What do musicians earn? What if we had these statistics for filmmakers?

First let's look at a crop of the musician infographic (the entire image is at the bottom of the post because it's so long):
The column on the right is a bit confusing; it's a pie chart of the total profit from a sale. So for a $10 self-pressed CD, the pink (artist) slice is only $8 because the CD presser took $2; for a retail album sale neither the gray (record label) nor pink slice are very large because the CD presser, shipper, and brick-and-mortar store collectively took home the majority of the sale.
The statistics show, if you're a musician, to make a barely livable wage, every month you need to do one of the following (I've indicated in parenthesis if this is independently or under contract to a record label):
- Sell 150 CDs yourself (no label)
- Sell 1,200 albums through iTunes (label)
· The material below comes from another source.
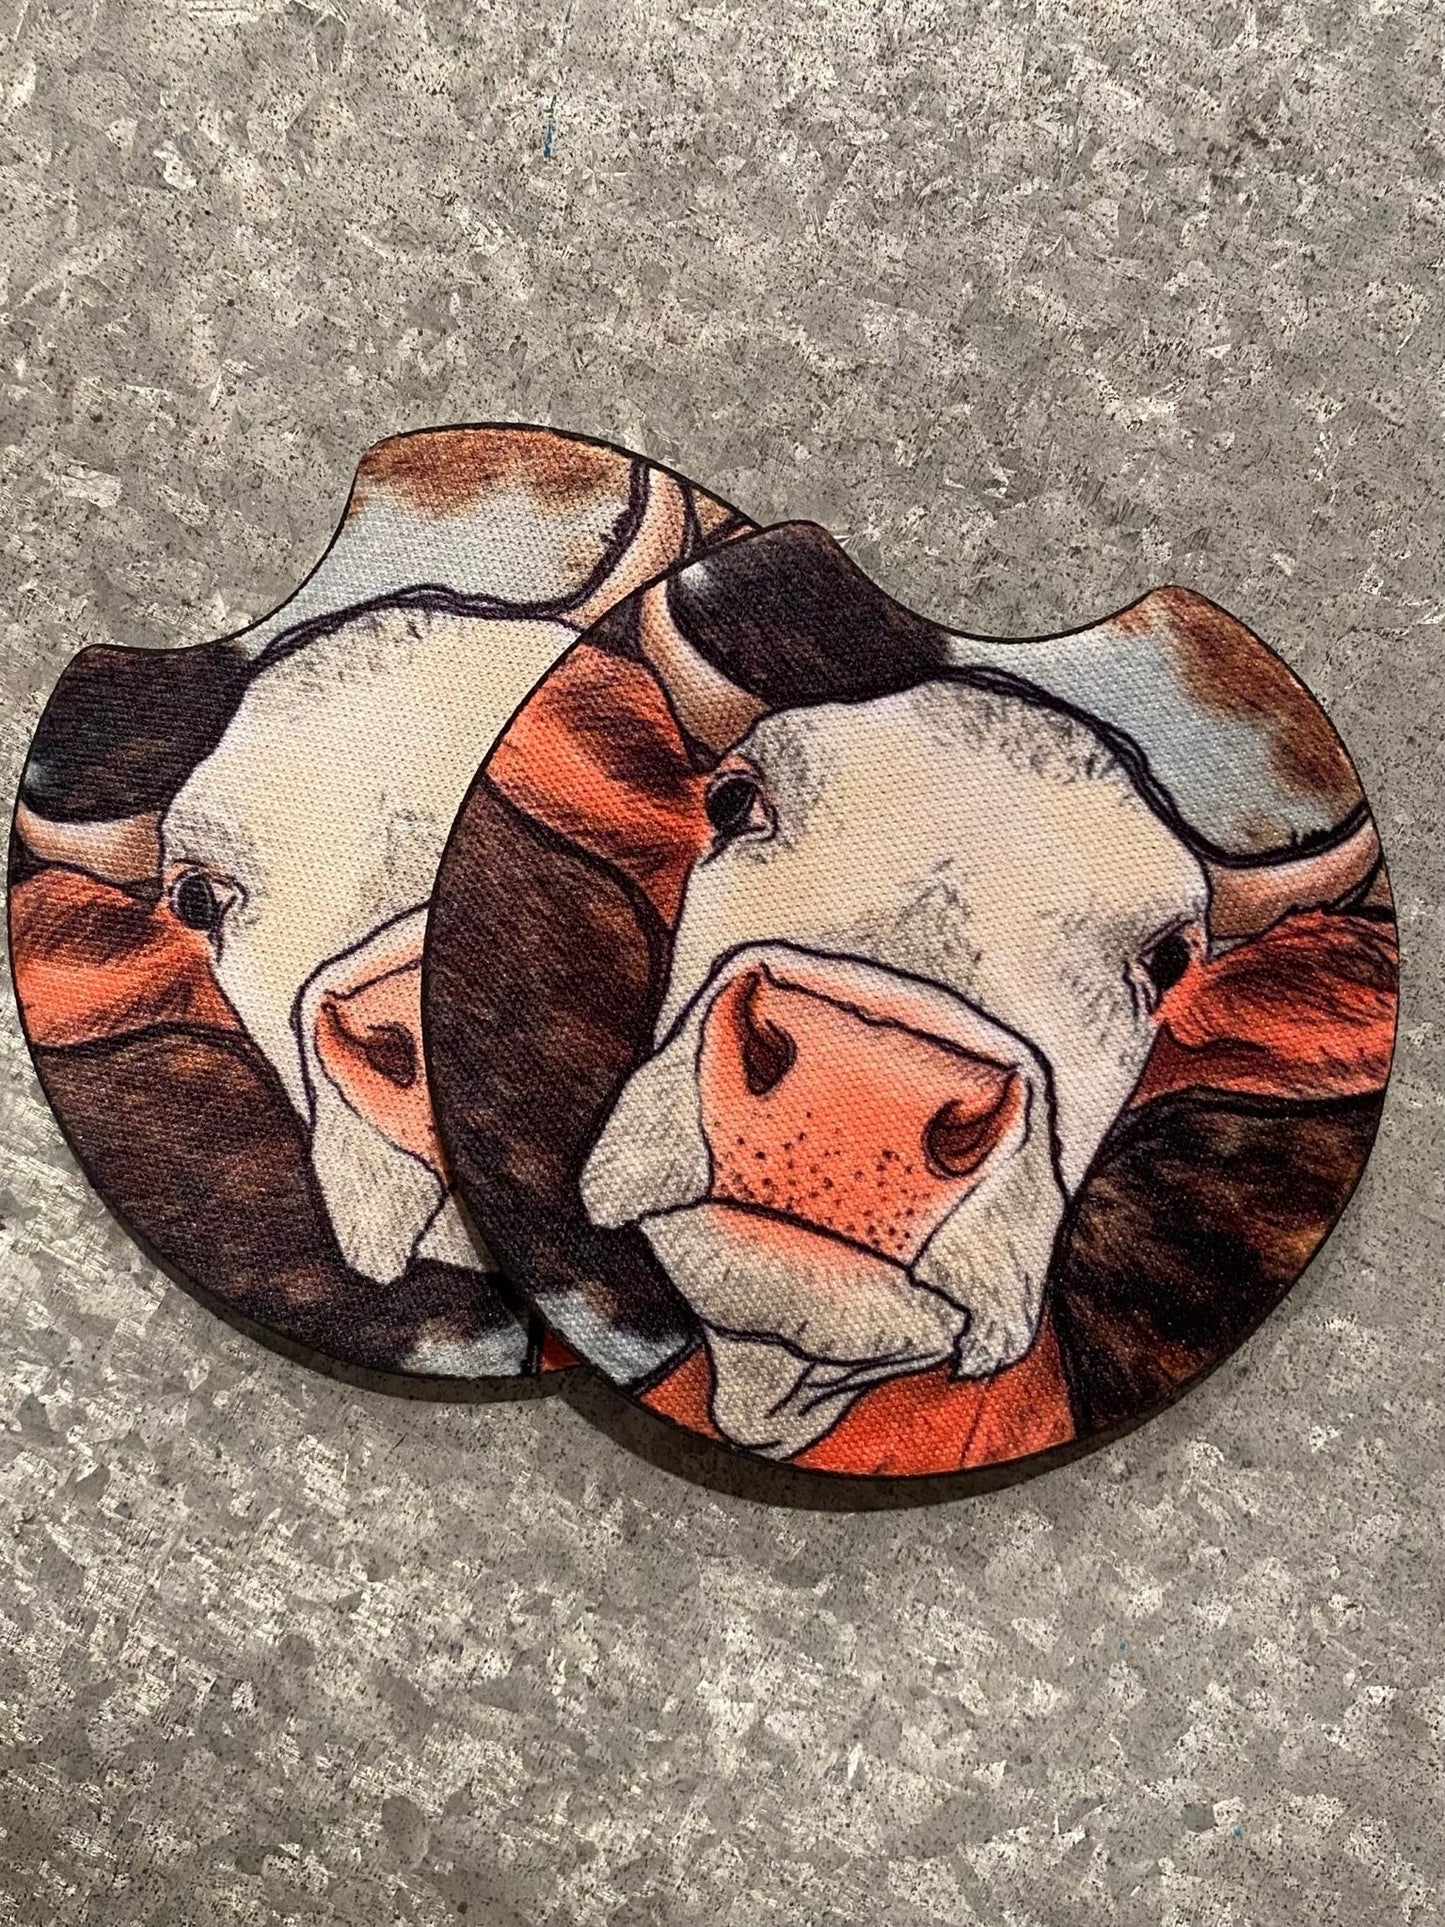 CAR CUP HOLDER COASTERS - CountryFide Custom Accessories and Outdoors

- Sell 1,500 tracks through CDbaby (no label)
- Sell 12,000 tracks through Amazon MP3 (label)
- Stream 850,000 tracks through Rhapsody (label)
- Stream 1.5 million tracks through last.fm (label)
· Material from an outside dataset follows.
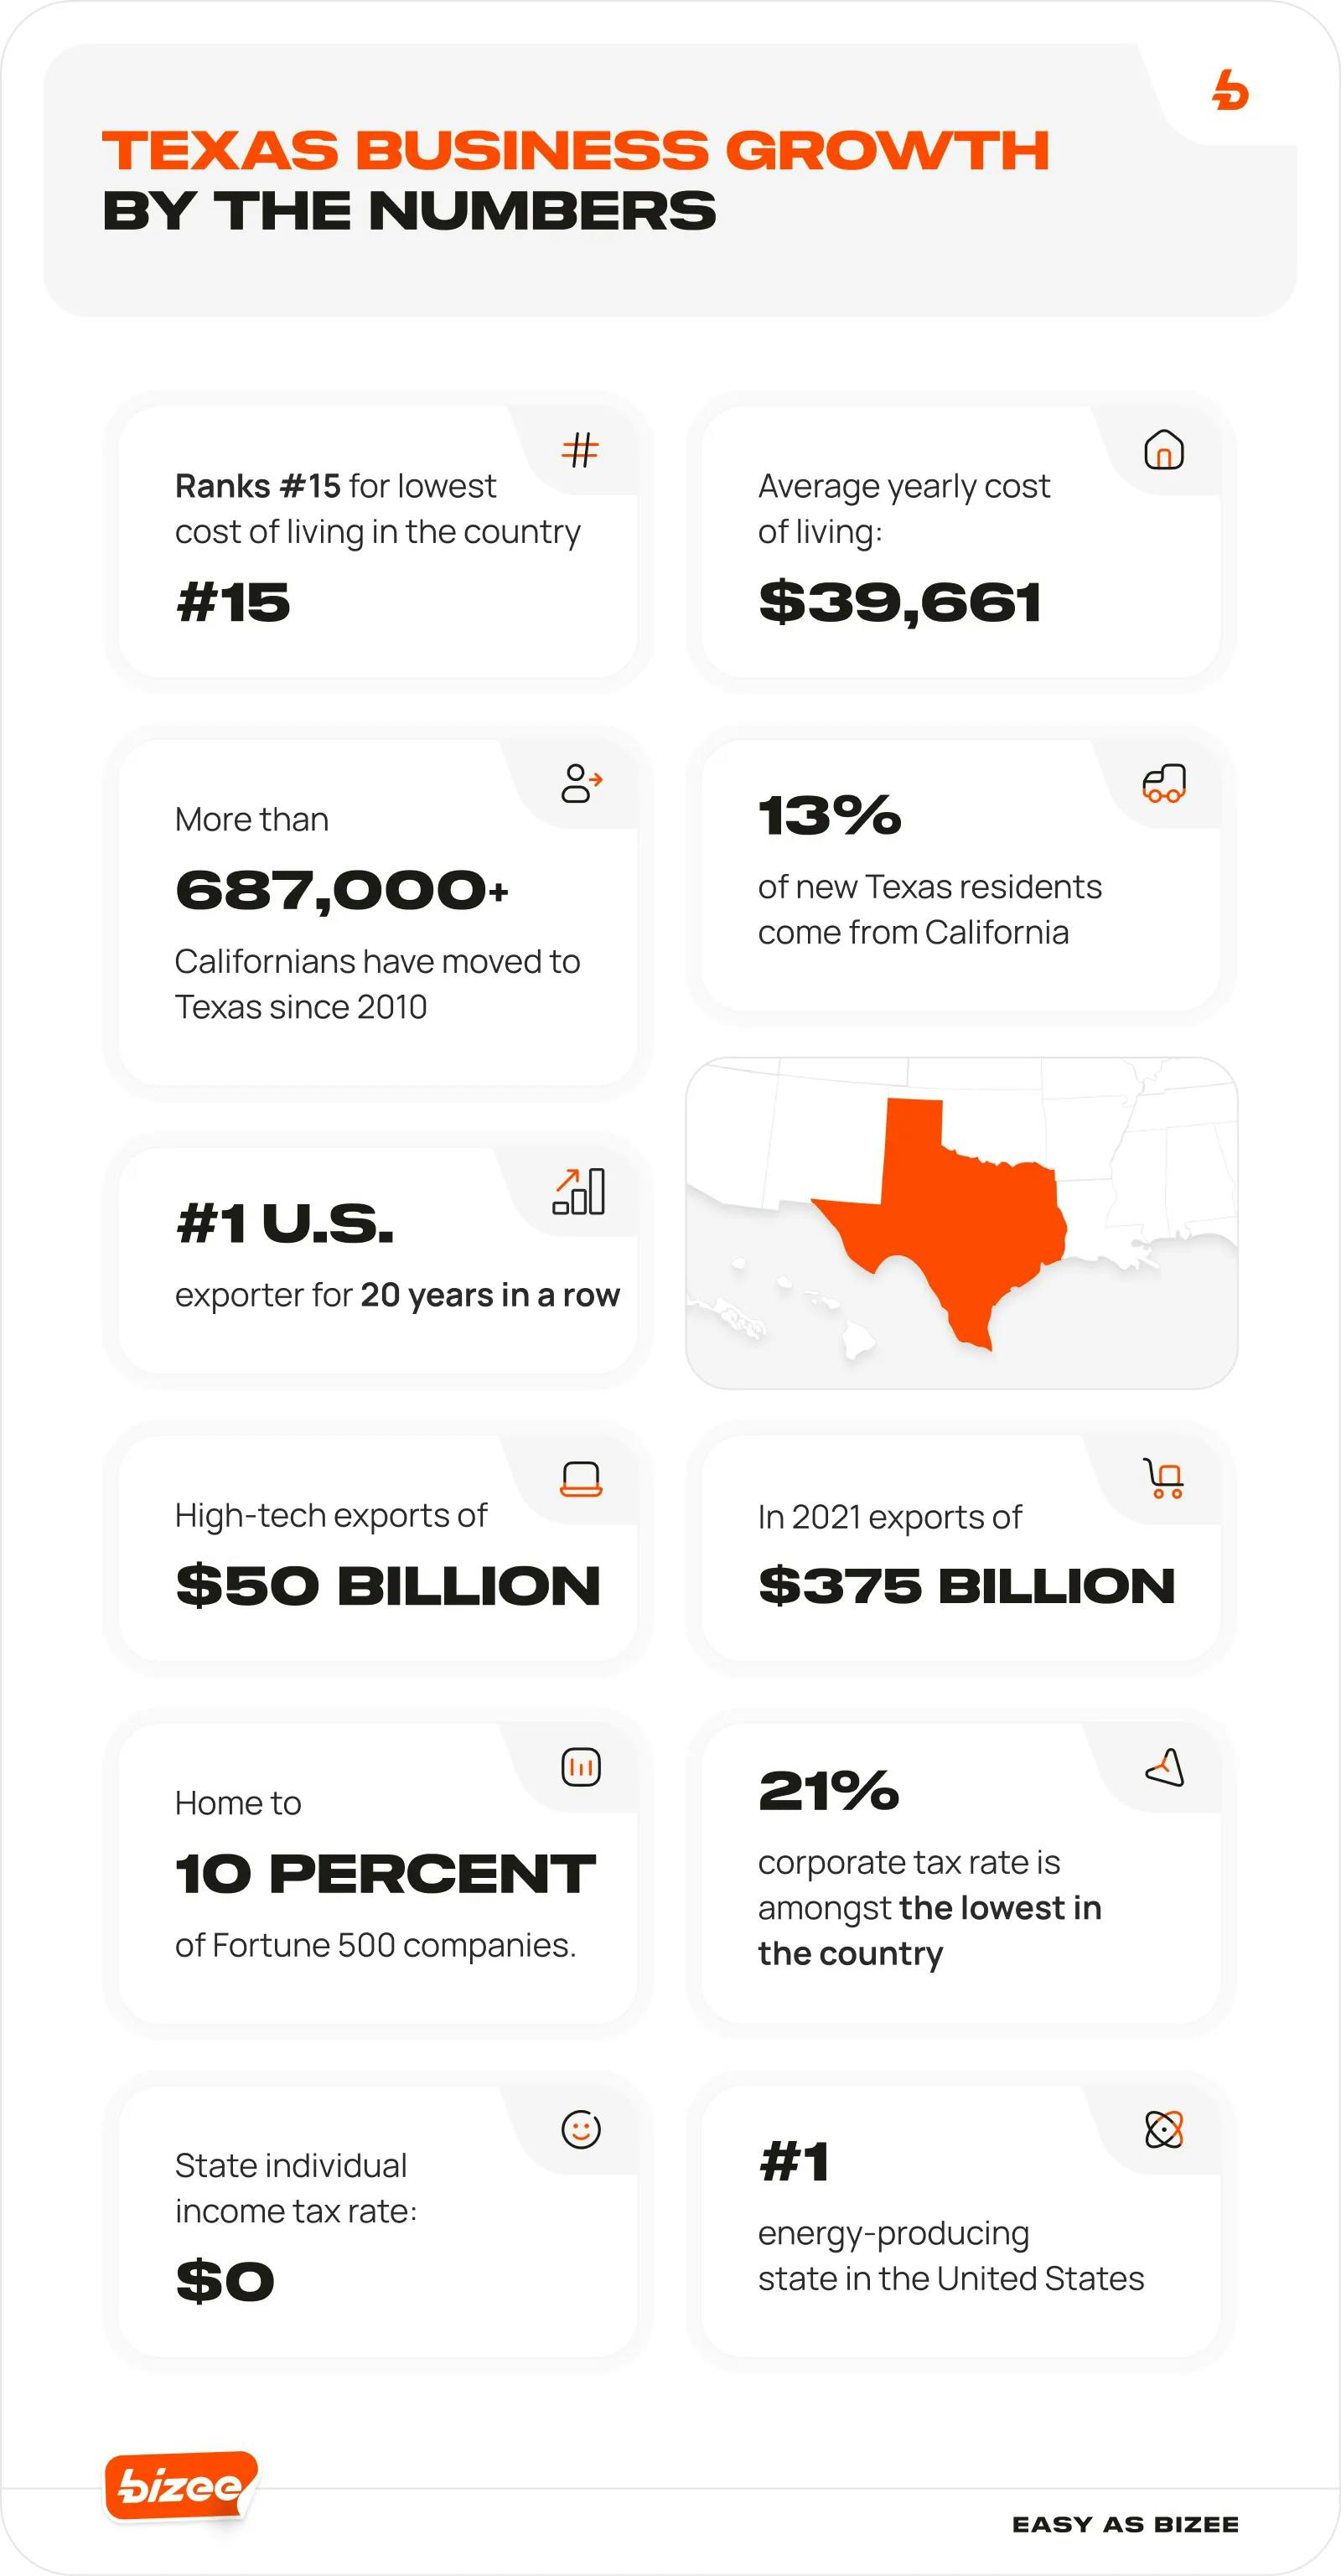 Texas Business Growth by the Numbers

Now, the key of course is to take more than one approach, so that a few self-sold albums, several hundred track sales on iTunes, and a bunch of streams all add up to collectively keep the lights on. I also suspect some of this information is dated (though he only published this last month) because some indie distributors today aren't taking as aggressive a cut of sales as "traditional" labels. Here's the full infographic, which illustrates in no uncertain terms why most folks feel that the music itself is just a loss-leader these days for profits from live shows and licensing:
I'd love to see this graphic created for filmmakers with theatrical, DVD, TV rights, VOD, download-to-own, etc. illustrated in the same way. Unfortunately I don't have much to add yet, but this is why I've started sharing analytics. Sooner or later these analytics will be film-related instead of (or in addition to) blog-related numbers.